Listeria is capable of producing serious, even fatal infections in children, the elderly and those suffering from compromised immune systems; in such individuals the infection often leads to meningitis and similar conditions, all of which pose severe risks to the victim. In general, adults in good health with intact immune systems, who become infected with listeria, report nothing worse than high fevers, severe headaches, stiffness, nausea, abdominal pain, and diarrhea. No illnesses have been linked, at present (30 July 2012) to the listeria-contaminated onions involved in this recall.



  • Kingdom Bacteria: Once considered plants, but now classified within the large domain of prokaryotic microorganisms. The term prokaryote combines the Greek πρό- (pro-) “before” + καρυόν (karyon) “nut or kernel” and refers to an organism that does not have a nucleus.

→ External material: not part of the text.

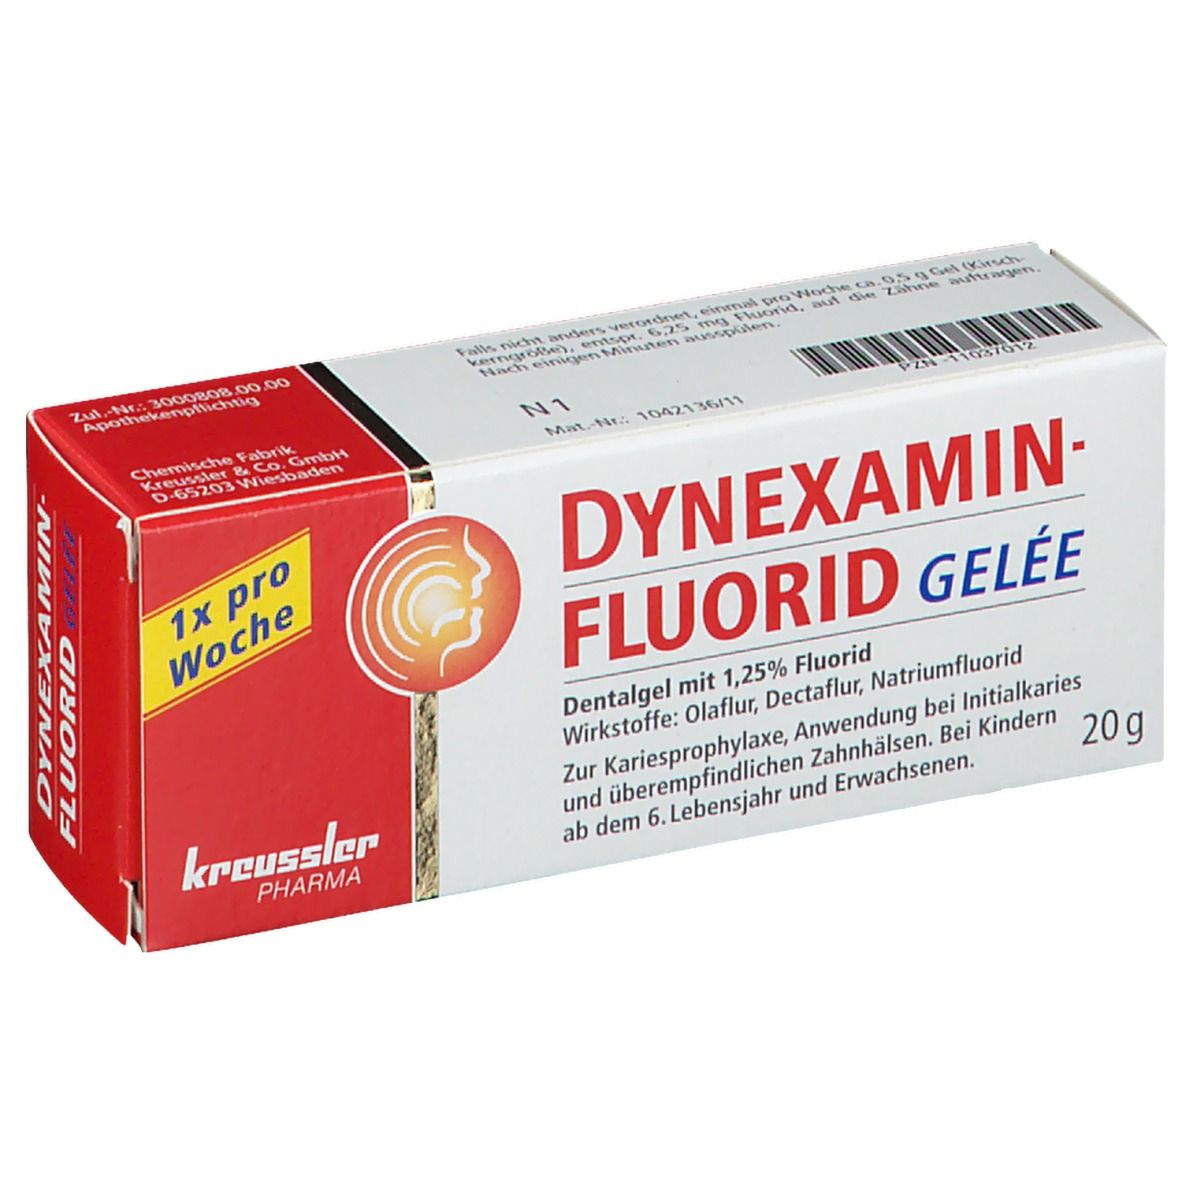 Dynexaminfluorid Gelee Dentalgel
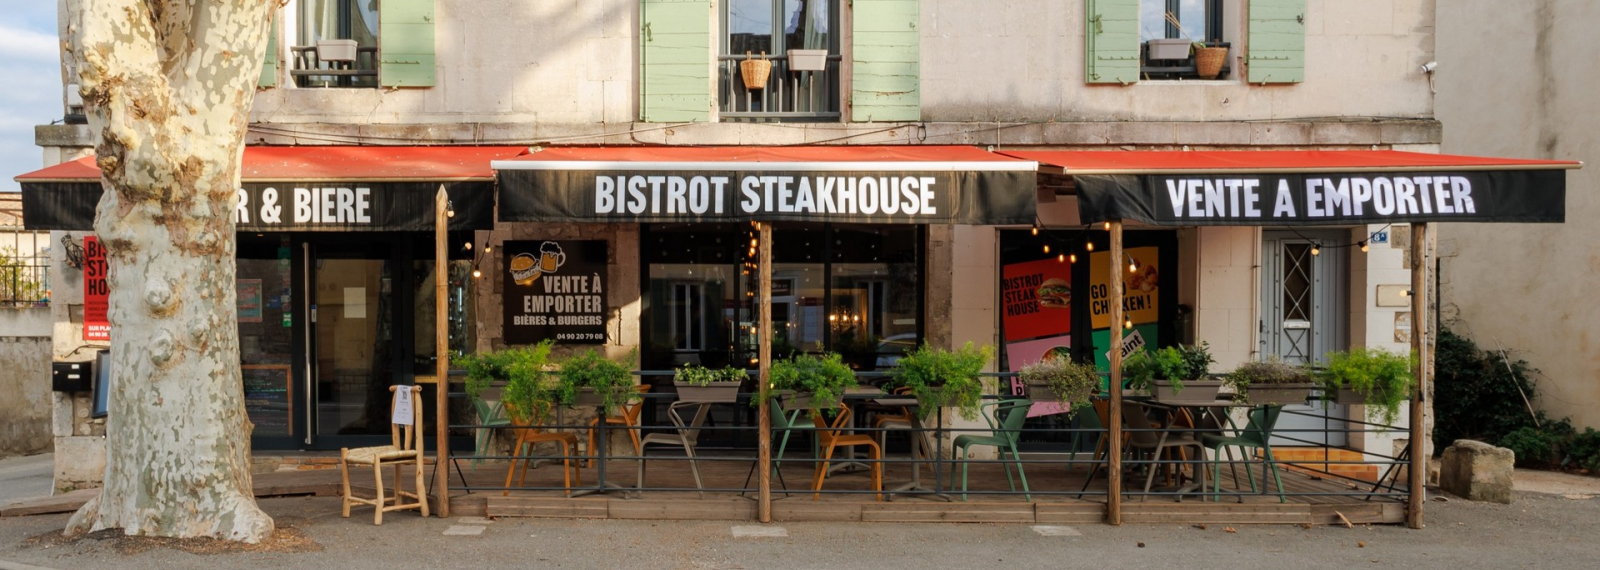 Bistrot Steak House à Saint-Rémy-de-Provence

Typically micrometres in length, bacteria exhibit a variety of shapes, including spheres, rods, and spirals. Besides absent a nucleus, bacteria rarely possess membrane-bound organelles;
  • Division Firmicutes: The division name is derived from the Latin adjective firmus = strong, and the Latin noun cutis = skin, a reference to the presence of a cell wall. Most have Gram-positive cell wall structures, though the Megasphaera, Pectinatus, Selenomonas and Zymophilus, have porous pseudo-outer-membranes that stain Gram-negative. The organisms in this division appear as spherical cocci or rod-like bacilli under the microscope;
  • Class Bacilli: a taxonomic class of bacteria that includes the two orders Bacillales and Lactobacillales; these contain several virulent pathogens like Bacillus anthracis (the cause of anthrax), along with a number of non-pathogenic, highly beneficial organisms used in the fermentation of milk into cheese, yogurt, and similar products;
  • Order Bacillales: an order of Gram-positive organisms, within the division Firmicutes and the class Bacilli, including the bacteria families Alicyclobacillaceae, Bacillaceae, Caryophanaceae, Listeriaceae, Paenibacillaceae, Planococcaceae, Sporolactobacillaceae, Staphylococcaceae, Thermoactinomycetaceae, and Turicibacteraceae;
  • Family Listeriaceae (Garrity et al. 2001): a family of Gram-positive bacteria first described in 2001 by Garrity et al. and comprised to two genera, Brochothrix and Listeria;
  • Genus Listeria (Pirie 1940):  a genus of bacteria comprised of seven recognized species: L. grayi, L. innocua, L. ivanovii, L. monocytogenes, L. seeligeri, L. murrayi, and L. welshimeri;
  • Species Listeria monocytogenes [(E. Murray et al. 1926) Pirie 1940]: a facultative anaerobic intracellular bacterium known to cause the disease listeriosis, a virulent foodborne infection that, 20% to 30% of the time, results in death. Listeriosis is responsible, each year, for approximately 2,500 illnesses and 500 deaths in the United States. It is the leading cause of death among foodborne bacterial pathogens, with fatality rates exceeding those of Salmonella and Clostridium botulinum. L. monocytogenes is motile via flagella at 30°C and below, but usually not at 37°C (normal human body temperature). At and above 37°C L. monocytogenes moves within eukaryotic cells by explosive polymerization of actin filaments. As much as 10% of human gastrointestinal tracts are endemically colonized by L. monocytogenes without producing clinical symptoms in those individuals, but because it is the third most common cause of meningitis in newborns (the bacteria are typically acquired transvaginally) pregnant mothers who enjoy soft cheeses such as Brie, Camembert, feta, and queso blanco fresco — which may be contaminated with and permit growth of L. monocytogenes — are advised to forgo such foods while pregnant.